Bei den Benzinern beginnt die Palette mit einem sehr sparsamen
Modell, einem 1-Liter-Dreizylinder. Diese Technik garantiert
Verlässlichkeit und niedrigen Verbrauch.
Danach folgen zwei Vierzylinder: ein 1.2er und ein 1.4er.

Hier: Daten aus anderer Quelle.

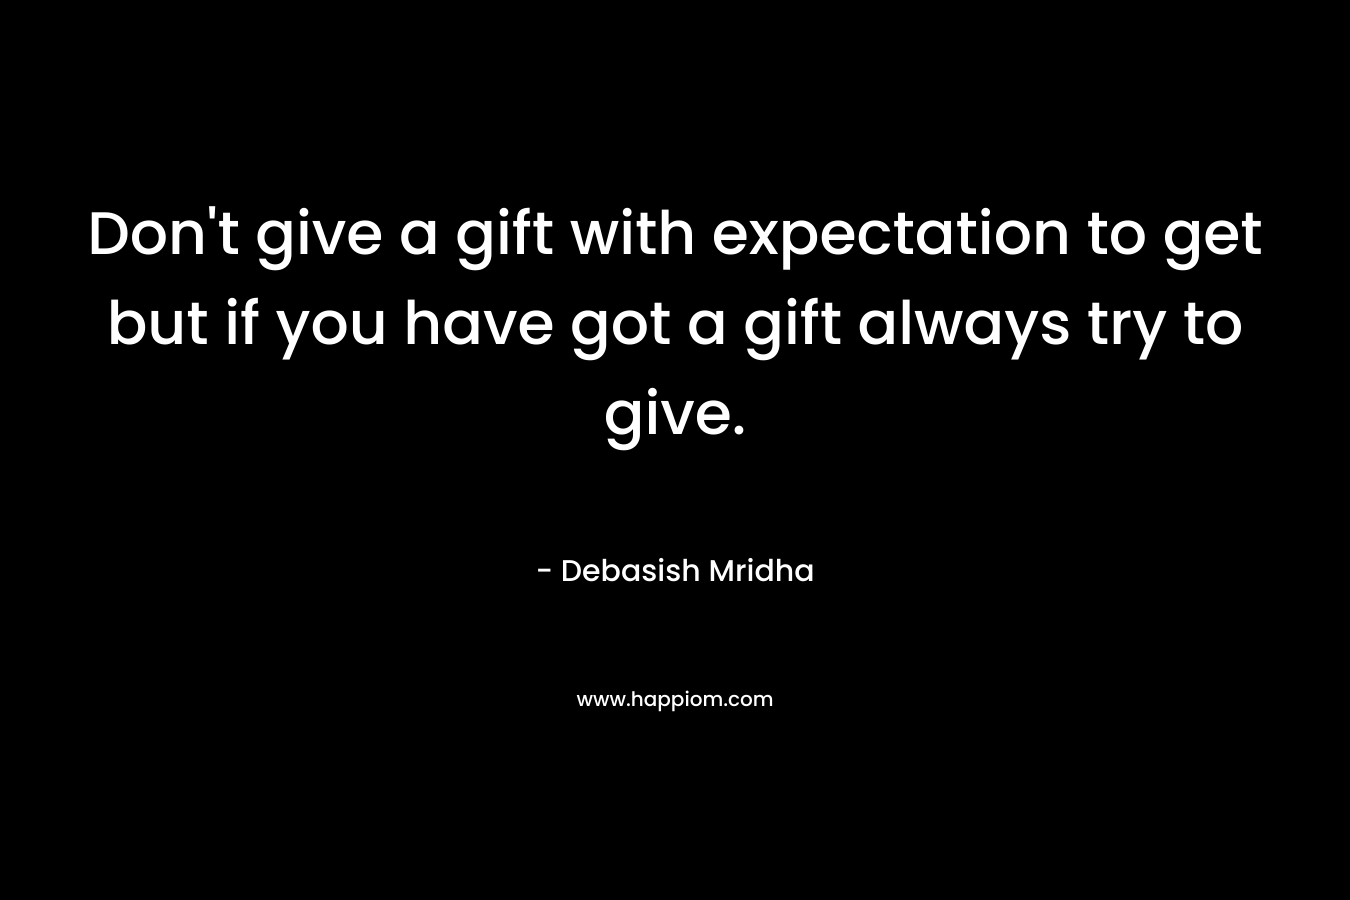 Don't give a gift with expectation to get but if you have got a gift always try to give.

Letzterer ist sehr zu empfehlen und mit ihm sind wir dann auch am
meisten gefahren. Neben dem normalen Getriebe steht ebenfalls ein
Sportgetriebe zur Auswahl. Mit dem normalen Getriebe ist das Auto
sparsam und recht leise. Beim Sportgetriebe liegen die
verschiedenen Übersetzungen nah beieinander, sodass der Motor
von selbst auf Touren gehalten wird. Dadurch gelingt es Opel, dem
bescheidenen Motor Leistungen zu entlocken, die einem
größeren Motor alle Ehre machen würden.
Fazit
Opel hat das beim neuen Astra erprobte Rezept mit gleichem
Erfolg auf den neuen Corsa übertragen. Der Corsa ist nun kein
unauffälliges Mittelmaß mehr, sondern kann mit
ansprechender Formgebung, dynamischem Fahrverhalten und innovativer
Technik punkten. Dabei ist Opel realistisch geblieben und hält
die Preise in bezahlbarer Größenordnung. Unter diesen
Umständen darf's gern ein bisschen mehr sein!